Foreign acquisitions – a way to higher productivity and opportunities to expand
The number of foreign acquisitions has increased, especially in the service sector
During the late 1990s, the share of employees in foreign-owned companies increased sharply as the result of a number of large Swedish multinational enterprises (MNEs) becoming foreign-owned. Since then, however, the share has been almost constant. However, the number of foreign acquisitions has increased significantly since the turn of the millennium. We find that, recently, it has mainly been smaller firms in the service sector that have taken over.
Foreign-owned firms in Sweden have higher productivity than non-MNEs, particularly small firms that are a part of foreign MNEs
Foreign-owned companies (and MNEs in general) are more productive than non-MNEs in the same industry; the former has a productivity premium. One explanation of the productivity premium is that foreign-owned companies have owner-specific assets that make them more productive. Such owner-specific assets could be a unique product or production process, strong brand, rumours of good quality or access to international production and marketing networks.
We also find that MNEs are larger than other enterprises and more capital-intensive − both in terms of human capital and physical capital. Even when we take this into account, a considerable productivity premium (15 percent) still remains in foreign-owned firms in the Swedish business sector. Moreover, the premium is higher for small firms (those with less than 50 employees).
Acquired firms have high productivity and high shares of skilled labour prior to acquisitions
Foreign-owned companies tend to acquire small firms that have high productivity and large shares of highly educated employees prior to the acquisition, which means that the productivity premium observed in foreign-owned firms is partly explained by selection; foreign acquirers are likely to "cherry-pick" firms to acquire.

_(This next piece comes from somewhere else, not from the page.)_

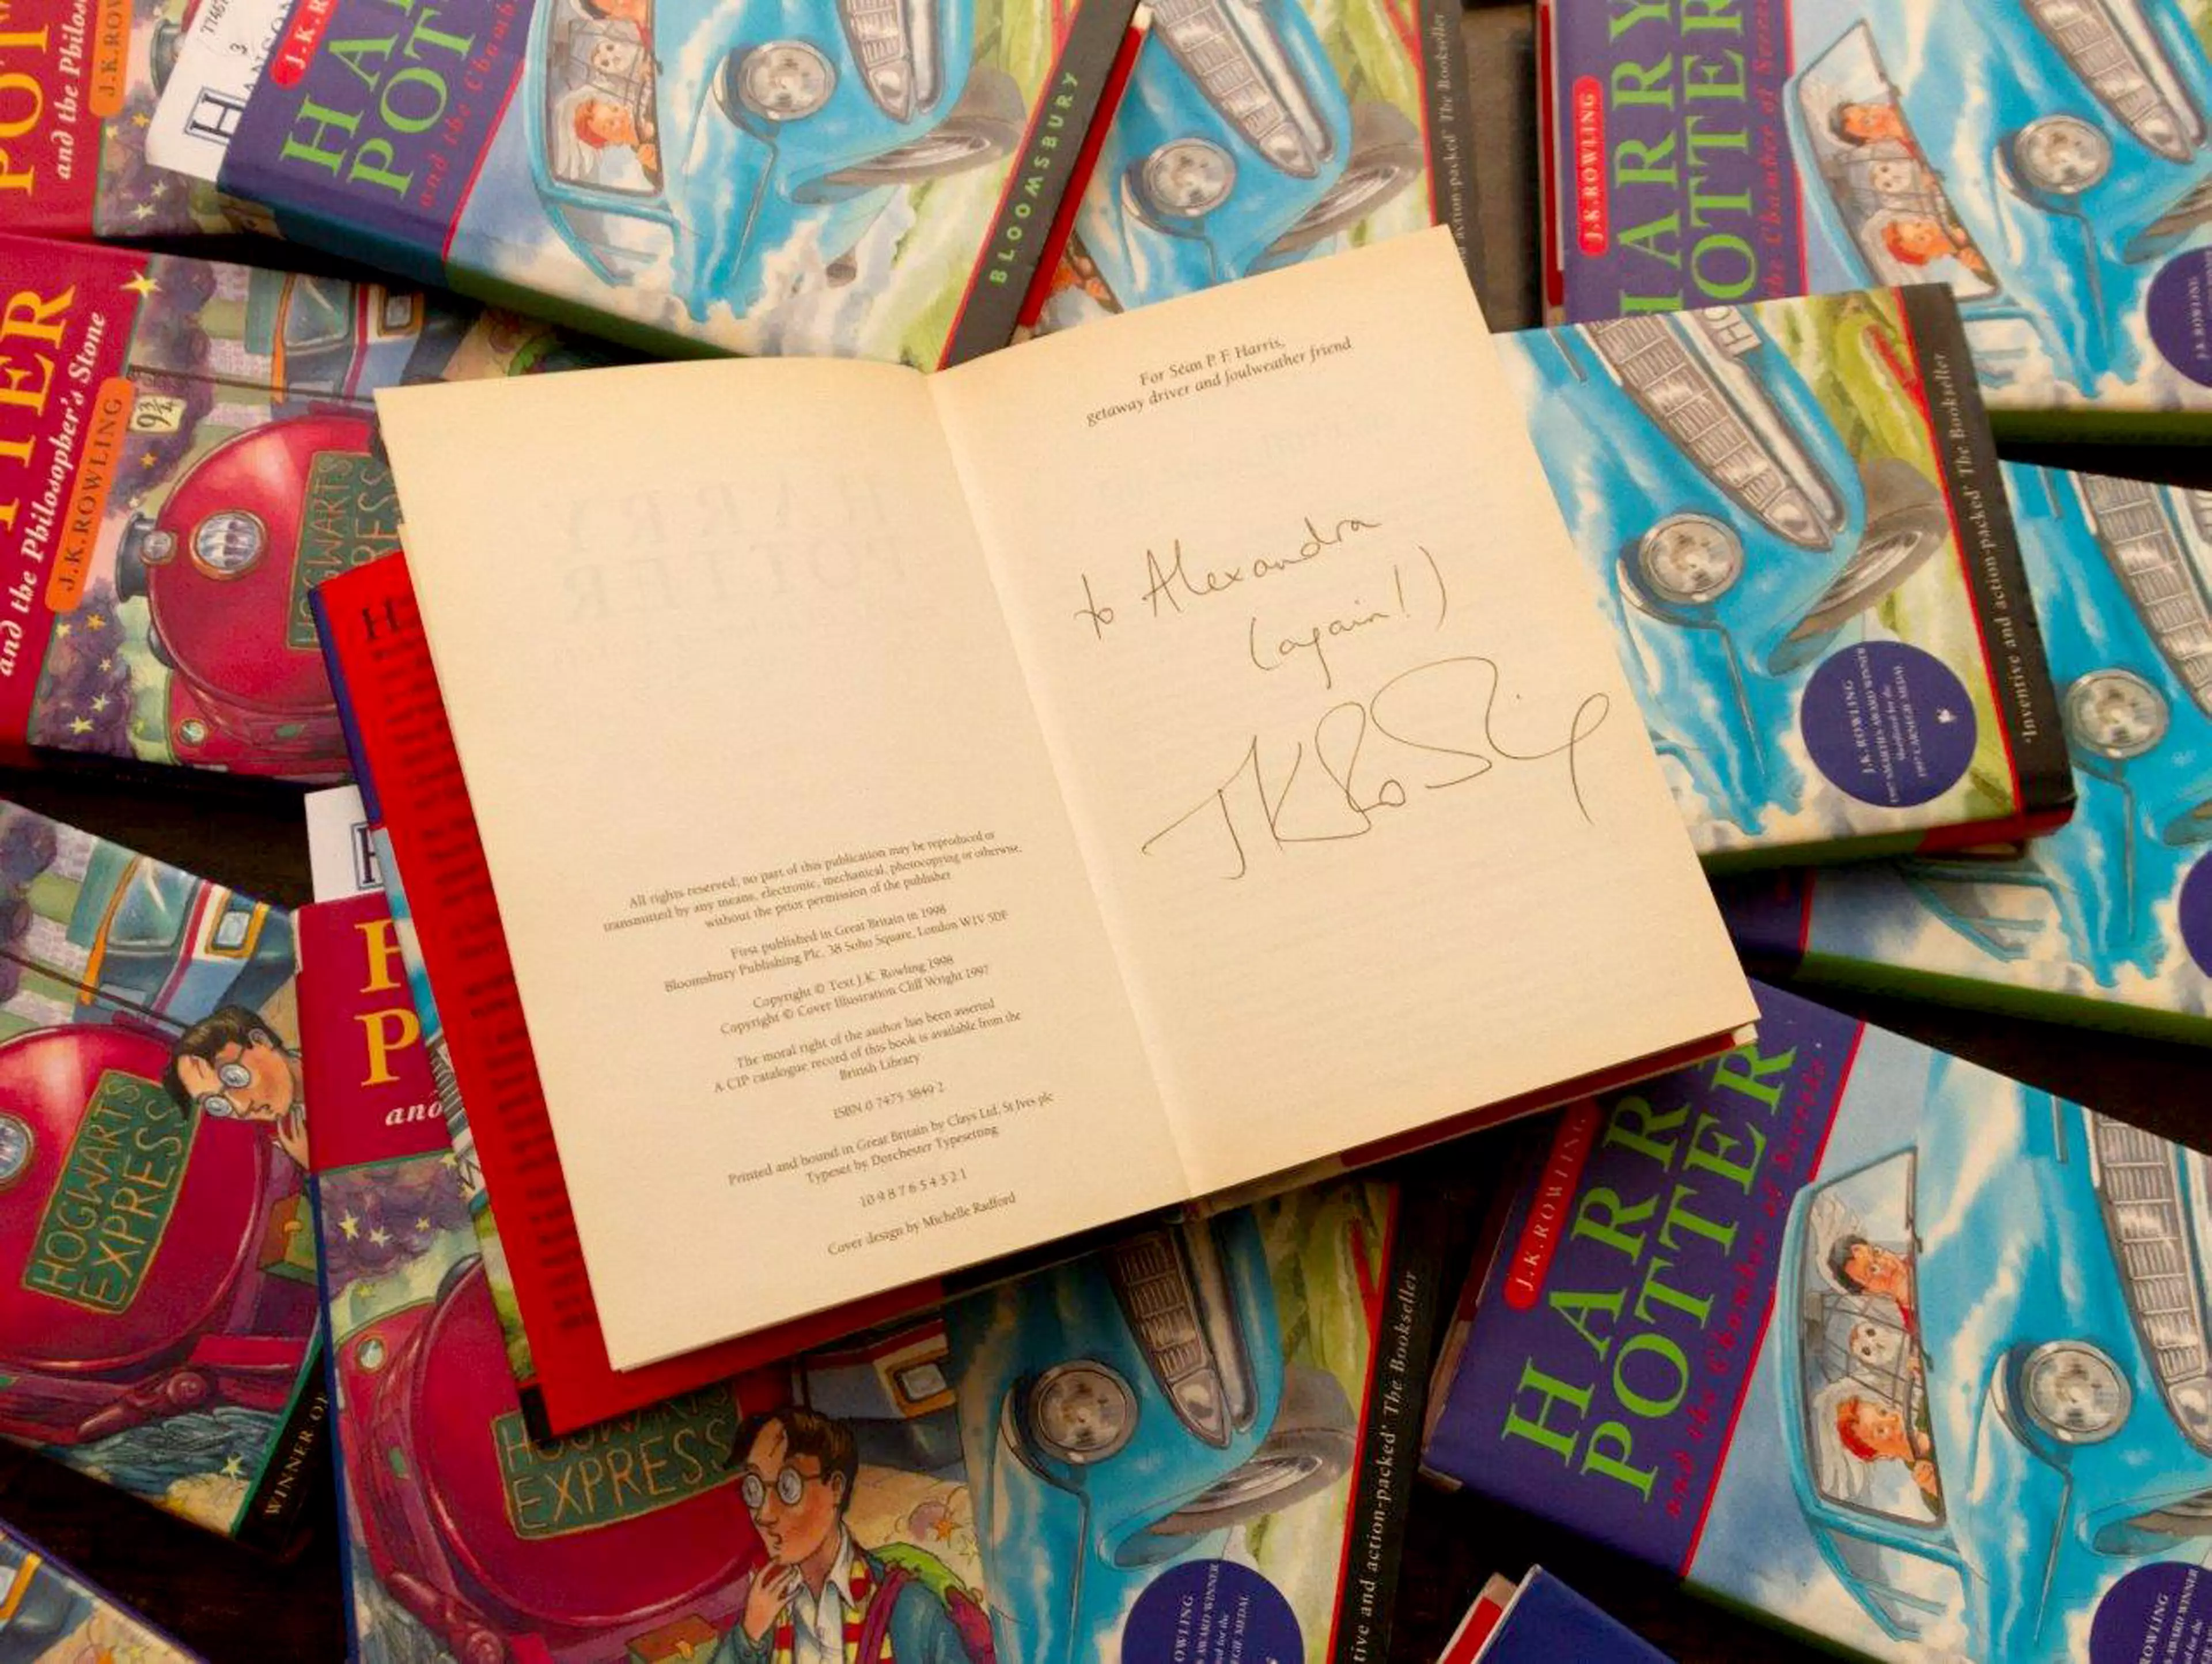 The Harry Potter book was signed by J.K. Rowling (

Foreign-owned companies have taken over Swedish service firms in Stockholm
The probability that firms in the Swedish service sector will be acquired is higher if they are located in Stockholm. This is especially true for smaller firms. The reason for this might be that knowledge-intensive service firms operate to a greater extent in large cities such as Stockholm. A motive for acquisitions is not only to gain access to the knowledge of the acquired company but also to benefit from the knowledge that exists in surrounding companies in the region, and such knowledge spillovers are more often found in dense regions.
The location to a large city also makes potential takeover targets more exposed to foreign acquirers and better positioned as a platform for foreign firms intending to enter the Swedish market.
Foreign acquisitions have positive effects on productivity, especially in small acquired firms in the service sector
Another explanation for the productivity premium in foreign-owned firms is the transfer of knowledge and technology within a multinational enterprise, that is, from the parent company abroad (with its owner-specific assets) to acquired or newly established firms in Sweden. This means that productivity grows faster in firms acquired by foreign companies than in similar Swedish-owned firms.
We find that productivity increases faster after acquisitions in small acquired service firms (those with less than 50 employees) and in large manufacturing firms (those with 50 employees or more). Particularly prominent is the effect in the former; five years after the acquisition, small acquired service firms have more than 12 percent higher productivity than firms that have not been acquired by foreign companies. Notably, small service firms make up the group of firms in which most foreign acquisitions occur.
Firms acquired by foreign companies invest in human capital and expand
Our results show that the share of skilled labour increases in small service firms and in large manufacturing firms after acquisitions. This indicates that the positive productivity effect in these firms may be a result of increased investment in human capital. Additionally, in small acquired manufacturing firms, the share of highly educated labour after acquisitions is increasing.
Faster productivity growth in a firm that is acquired by a foreign-owned company can thus be the result of restructuring processes within the acquired firms, triggered by the acquisition itself. These restructuring processes may include increased investment in human capital, better utilisation of economies of scale in connection with expansion, and increased exports and imports.
Foreign acquisition facilitates the acquired firm’s opportunities for expansion. Fewer financial constraints might be a reason for this. An indication that an acquired firm expands after takeover is that its number of employees increases. Above all, positive employment effects after acquisition appear not only in small service firms but also in smaller manufacturing firms. In addition, we find such effects, to some extent, in large service firms.
Foreign acquisitions lead to increased internationalisation in acquired companies
By taking advantage of foreign acquiring firms’ international network and organisation, it becomes easier for acquired firms to sell in the foreign market. The positive effect of foreign acquisitions on shares of exports (export intensities) in acquired firms suggests that sales increases in acquired firms primarily appear in foreign markets. This effect emerges particularly in small service firms and in large manufacturing firms.
Moreover, the share of imports in intermediate consumption − the import intensity − increases in the acquired companies after acquisitions, which is the case in all types of firms. Access to a higher-quality and a more varied range of inputs and services may contribute to positive productivity effects.
In sum, our results consistently show that the clearest effects of foreign acquisitions are found in small service firms, both in terms of the impact on productivity and on the factors that lead to restructuring.